未明の揺れ、岩手県内に緊張走る 沿岸部で震度5弱、津波なし

1階ステージのスポットライトが落下した九戸村体育センター=2日午前8時55分、同村伊保内

 2日午前4時24分ごろ、青森県と岩手県で震度5弱の地震があった。県内では宮古市、久慈市、普代村、野田村、軽米町で観測。気象庁によると、震源地は本県沿岸北部で、震源の深さは約71キロ。地震の規模はマグニチュード(M)6.0と推定される。津波はなかった。

 盛岡市、北上市、大船渡市など県内21市町村でも震度4を観測。建物の高層階をゆっくりと揺らす長周期地震動の階級2を沿岸北部で観測した。

 県は災害警戒本部を設置し、情報収集を進めている。九戸村伊保内の村体育センターでは、2階ギャラリーの窓ガラスが1枚割れ、1階ステージのスポットライトも3個落下した。安全確認のため、2日は臨時休館する。

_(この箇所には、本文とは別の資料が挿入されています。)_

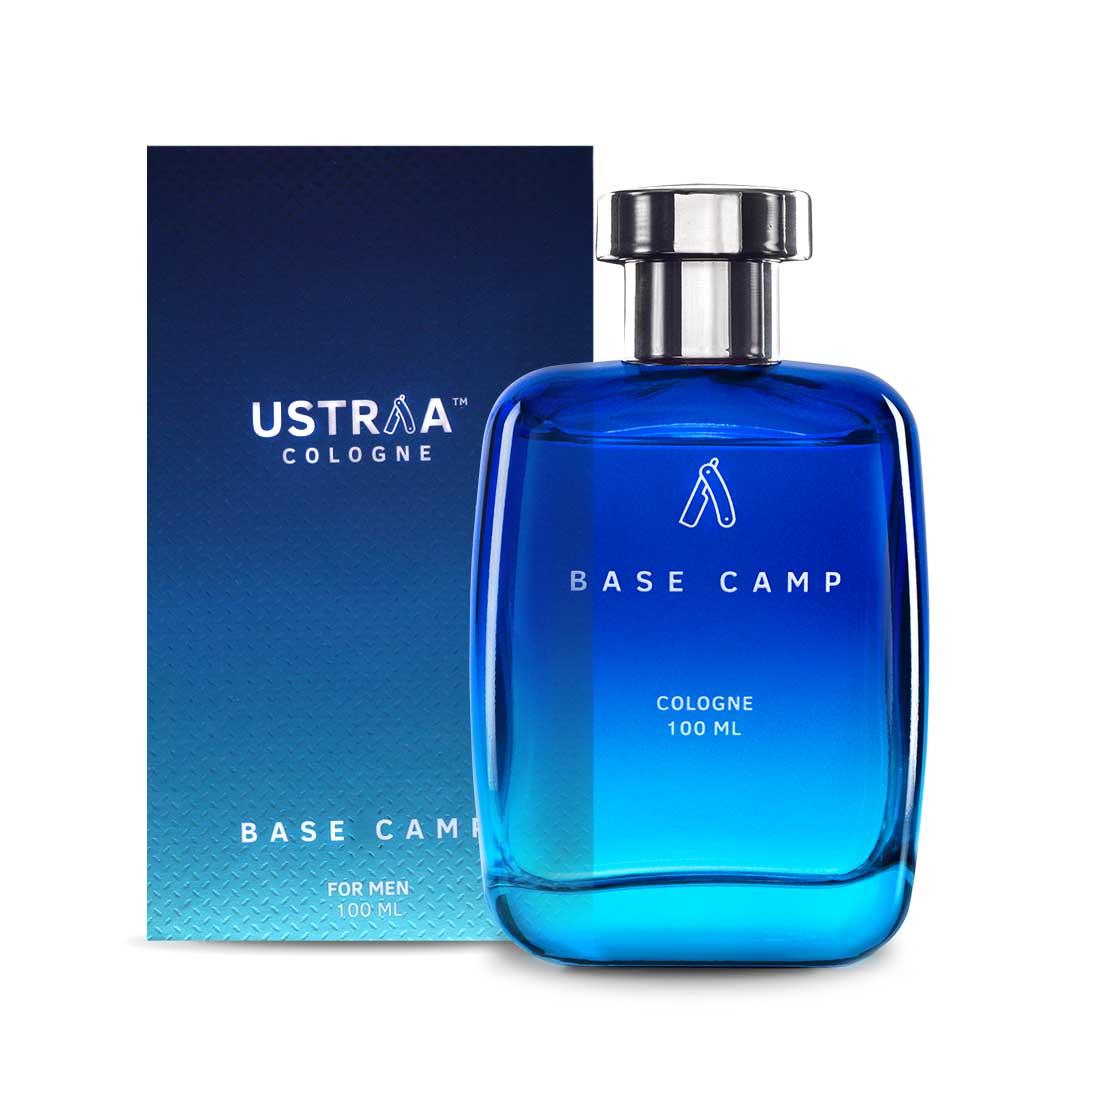 Base Camp Cologne - 100 ml - Perfume for Men

 県教委によると、午前9時現在、久慈市と洋野町、九戸村の3小学校、2高校で窓ガラスのひび割れや体育館天井の一部落下、断水などの被害があった。

 久慈・宇部小は職員玄関窓のひび割れ、同・長内小は階段踊り場窓にひびが入った。洋野・中野小は断水。久慈東高は校舎エレベーターが停止。九戸村の伊保内高は外灯が破損し、体育館ステージの天井が一部落下した。

 久慈広域連合消防本部によると、久慈市の空き家の外壁の一部が剝がれるなどの被害が確認されている。県防災課によると、県内でけが人の情報は入っていない。

 JR盛岡支社によると、釜石、花輪、八戸、山田各線で計19本に運休や遅れが発生している。三陸鉄道リアス線は釜石―久慈駅間で運転を見合わせており、午前11時ごろの再開を見込む。県警高速隊によると、八戸道九戸―八戸北間は、地震発生から約2時間50分通行止めとなった。

 未明の強い揺れに、沿岸部では緊張が走った。宮古市津軽石の作家遠藤公男さん(91)は「ここ最近ないひどい揺れにびっくりした。急いで親戚の無事を電話で確認した。自宅の棚の物が少し落ちたくらいで済んで良かった」と胸をなで下ろした。

 総務省消防庁の全国瞬時警報システム(Jアラート)が予想最大震度5弱の緊急地震速報を出した。

 気象庁は、揺れの強かった地域では落石や崖崩れがあるとして注意を促している。約1週間は最大震度5弱程度の地震に注意するよう呼びかけている。